Fanshuri diam sejenak, lalu menunjuk jidatnya sendiri. Gus Mut awalnya tidak mengerti.

“Apa maksudnya itu? Disuruh mikir?” tanya Gus Mut terkekeh. Fanshuri pun ikut tertawa mendengarnya.

“Bukan, bukan begitu, Gus. Maksud saya ada tanda kesalehan di jidat mereka yang tak saya miliki,” kata Fanshuri.

“Tanda? Tanda apa? Lebih bercahaya begitu?” tanya Gus Mut.

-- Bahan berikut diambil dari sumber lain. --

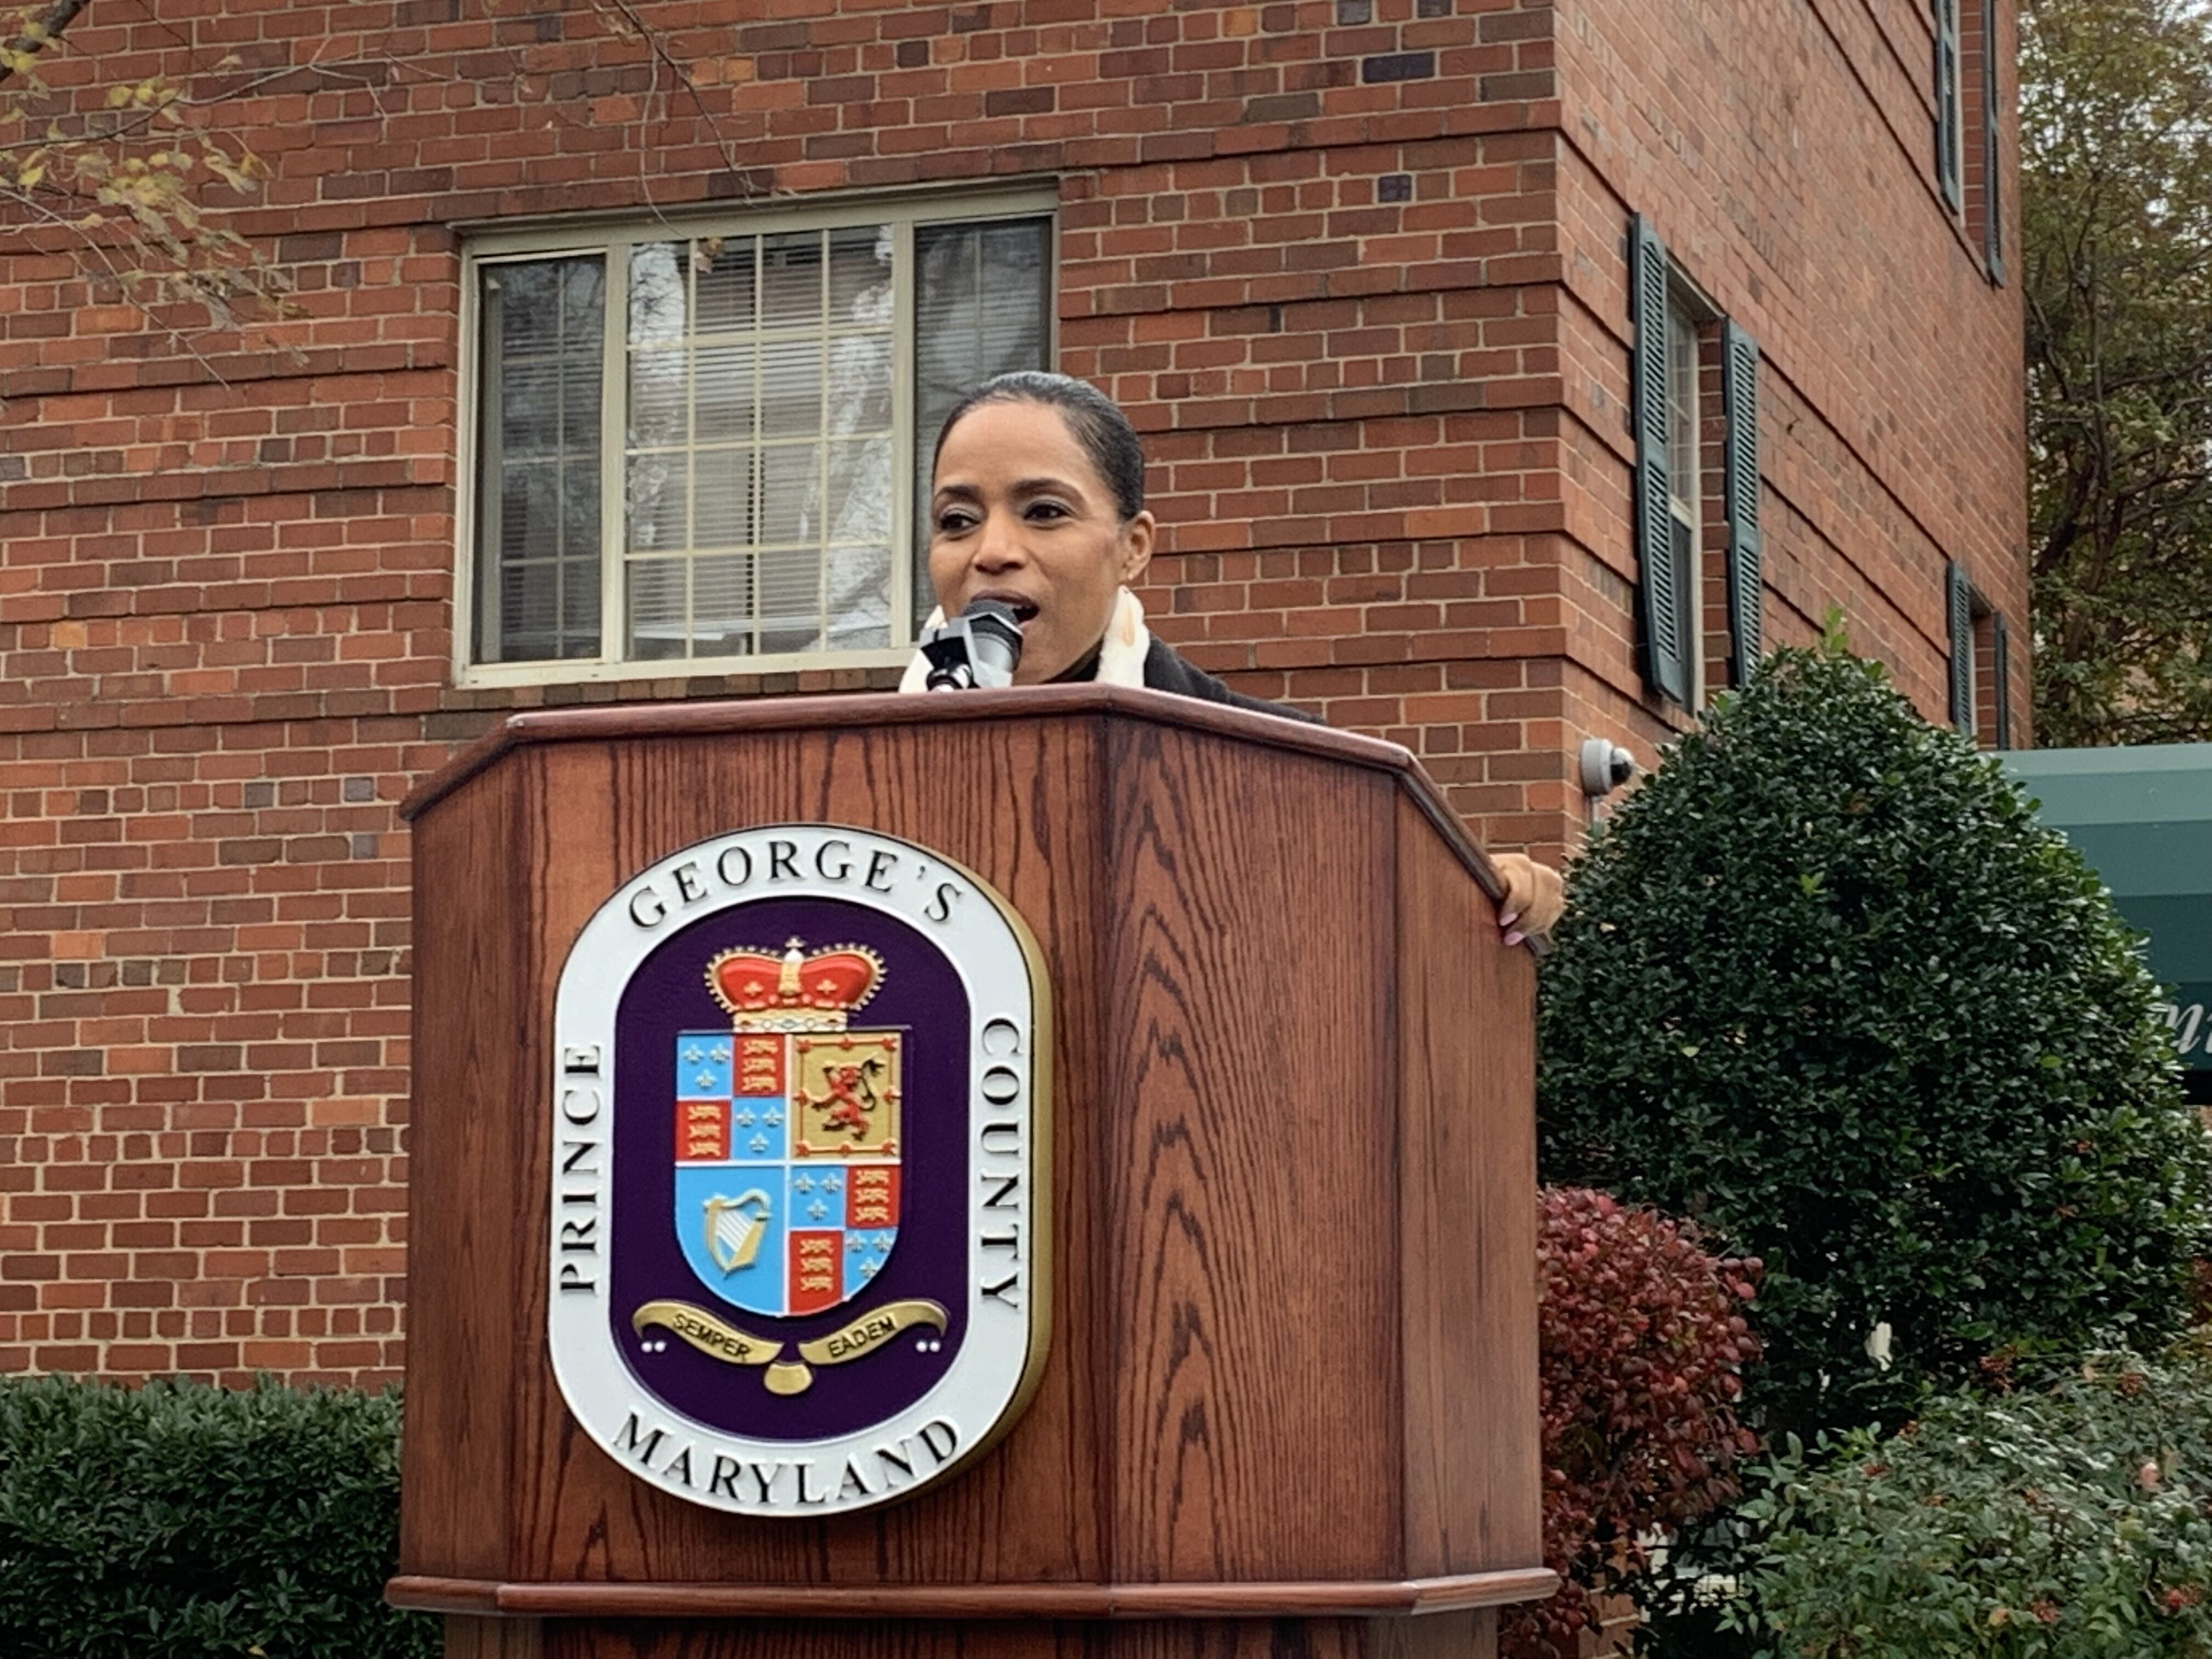 Prince George's County Executive Angela Alsobrooks at Hamilton Manor Apartments in Hyattsville, Md.

“Nggak lah, Gus. Ada tanda hitam-hitam di jidat mereka. Itu membuat saya iri. Itu kan tanda yang dibilang di Al-Qur’an, Gus. Tanda-tanda sujud bakal tampak pada wajah orang-orang dari bekas sujudnya. Jadi asumsi saya, semakin hitam jidat seseorang, berarti makin yahud juga ibadah salatnya,” jawab Fanshuri.

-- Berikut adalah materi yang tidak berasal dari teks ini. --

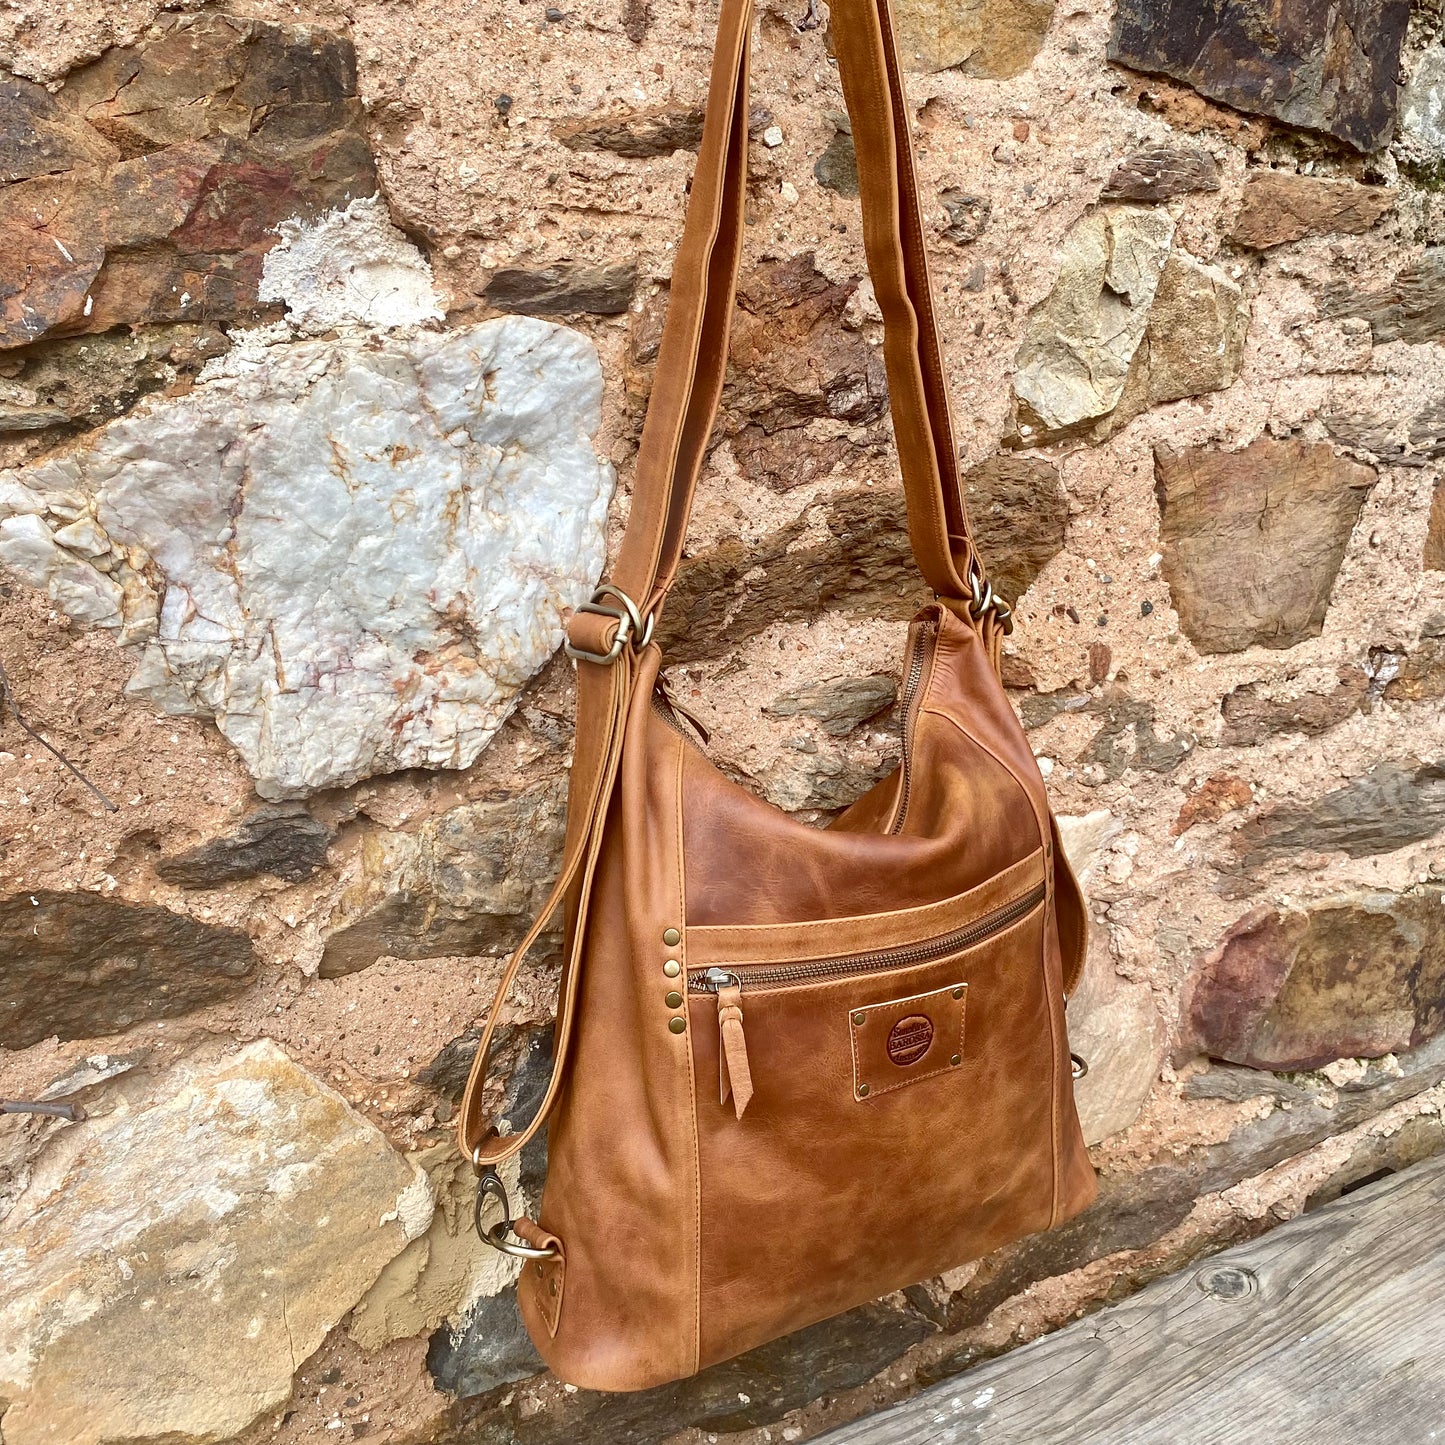 Convertible Leather Bag to Backpack

Gus Mut tersenyum sangat lebar. Sebenarnya yang bersangkutan ingin tertawa, tapi takut kalau dianggap mengejek teman bicaranya. Meski begitu, yang namanya menahan tawa jelas akan kelihatan dari gerakan tubuh yang bergetar, dan itu disadari oleh Fanshuri.

“Lho, apanya yang lucu, Gus?” tanya Fanshuri sedikit risih dengan respons Gus Mut.

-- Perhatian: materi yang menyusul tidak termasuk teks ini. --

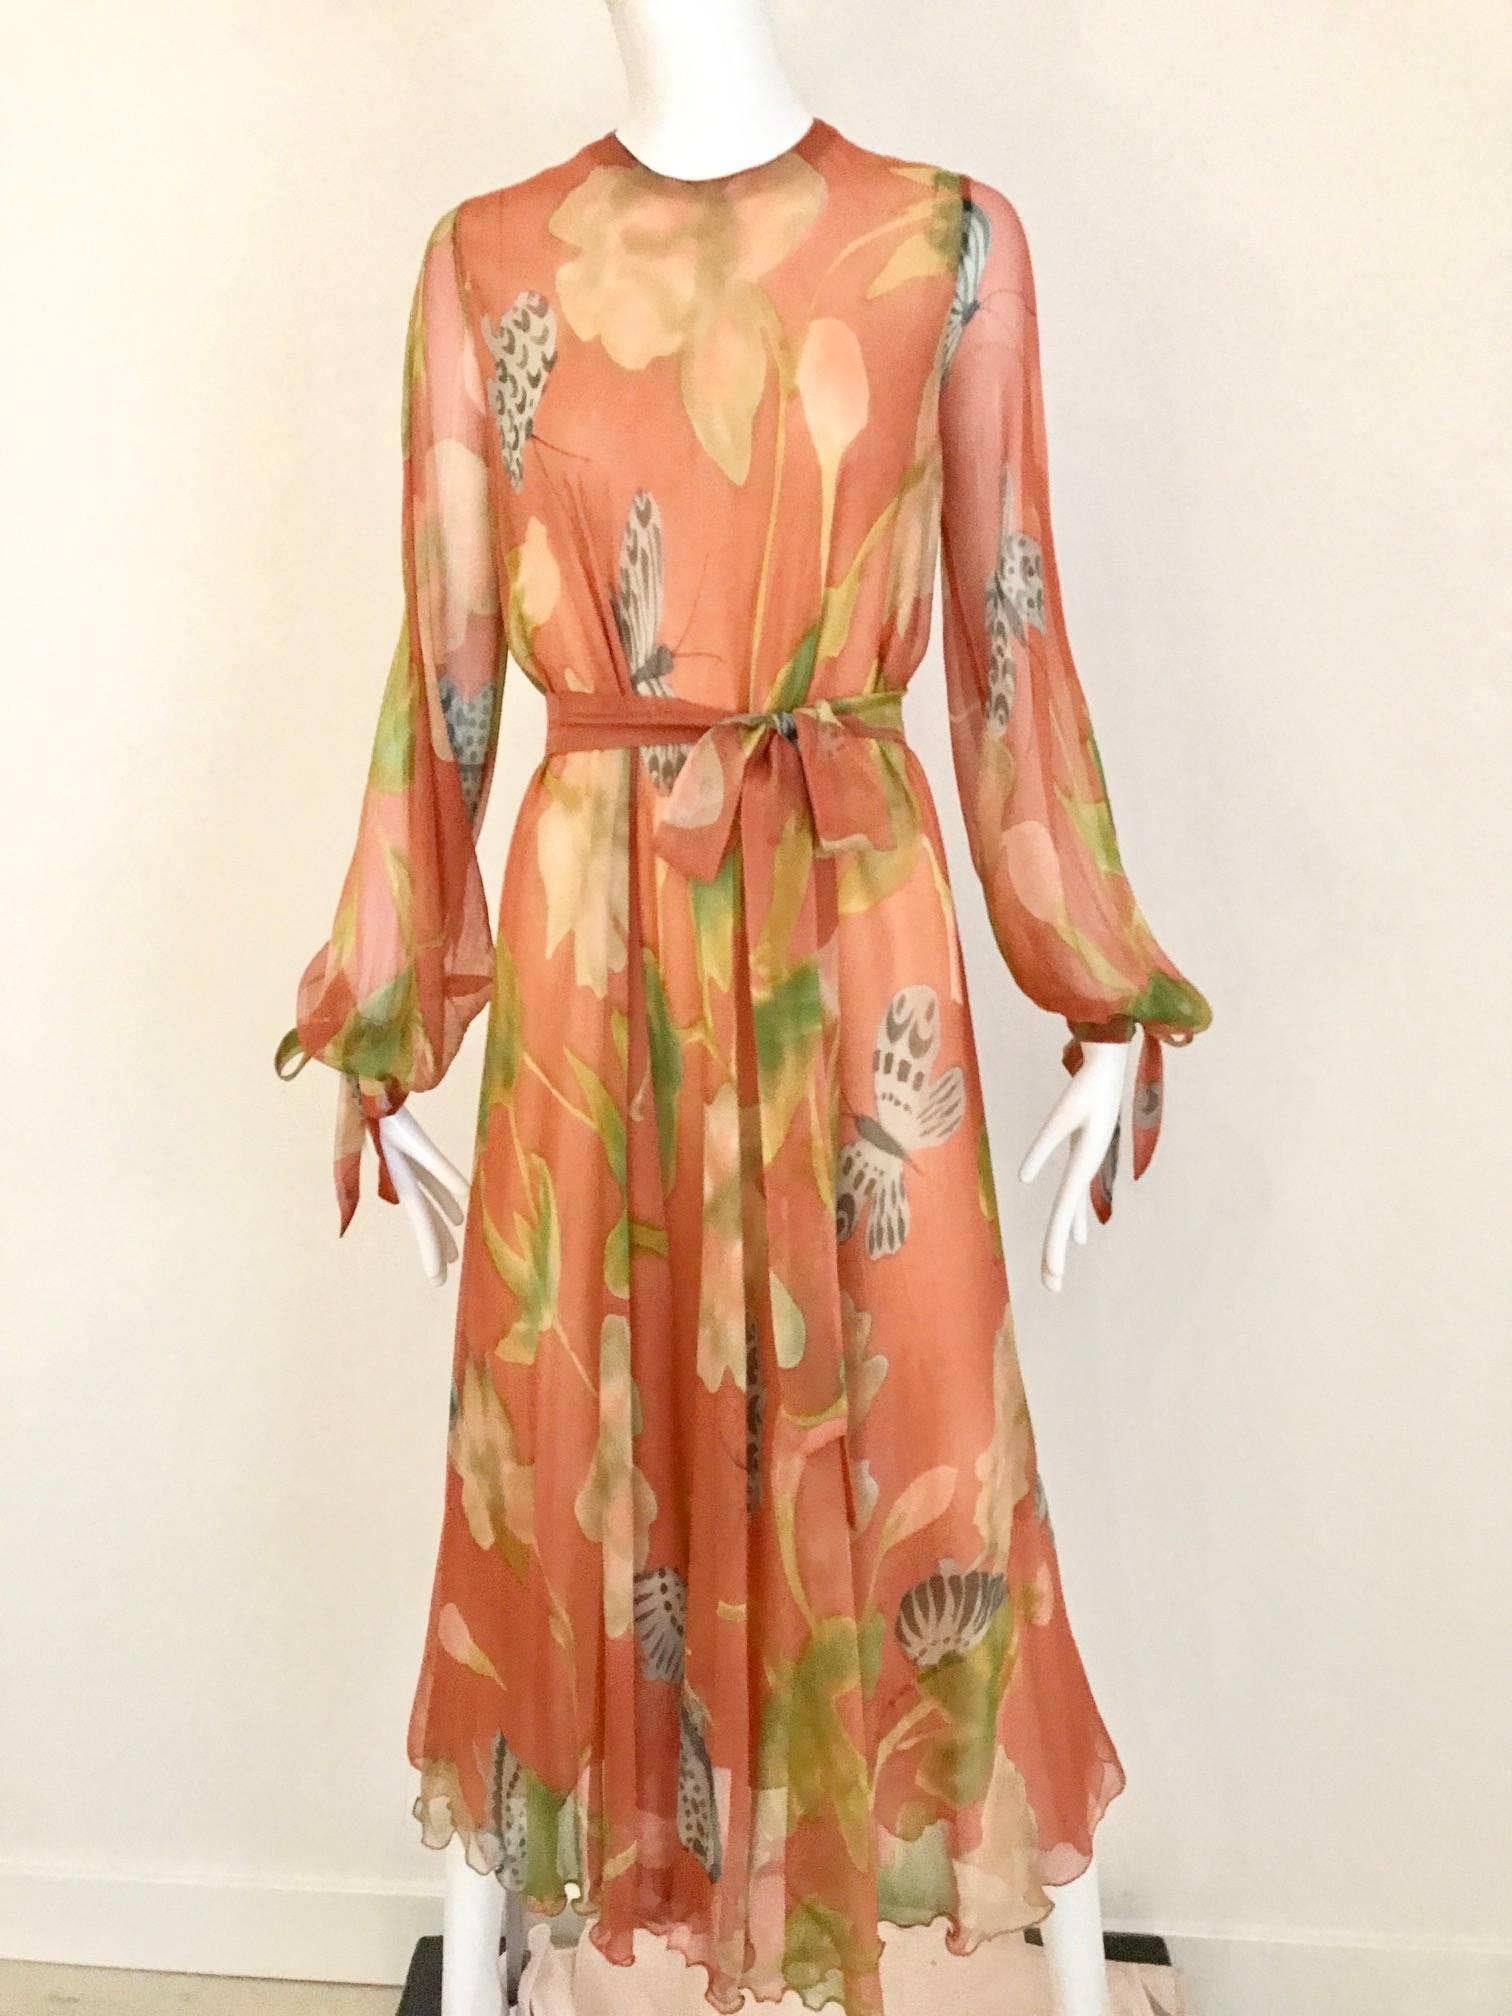 This 1970s Anna Weatherly bohemian beauty is silk chiffon with long sleeves with long sash ties. It has a detachable ruffle collar that can be used to create excitement around the neck. Anna Weatherly is known for her elaborate botanical hand

Gus Mut perlu waktu untuk mengendalikan dirinya, lalu buru-buru menyampaikan maaf.

“Maaf, Fan. Bukannya mengejek, tadi refleks saja ingin tertawa aku. Lha dari mana kamu menandai ‘tanda-tanda sujud’ itu dari bekas hitam di jidat seseorang?” Tanya Gus Mut.

“Ya dari ustaz yang ngisi di pengajian di situ. Tidak disampaikan secara langsung juga sih, tapi dari hari ke hari, makin banyak yang punya jidat hitam begitu. Tanda kalau mereka makin saleh juga dari hari ke hari,” jawab Fanshuri.

“Oalah, begitu tho. Jadi itu alasan kamu melakukan gerakan salat seperti itu ya? Biar muncul warna hitam di jidatmu, biar kelihatan saleh?” tanya Gus Mut.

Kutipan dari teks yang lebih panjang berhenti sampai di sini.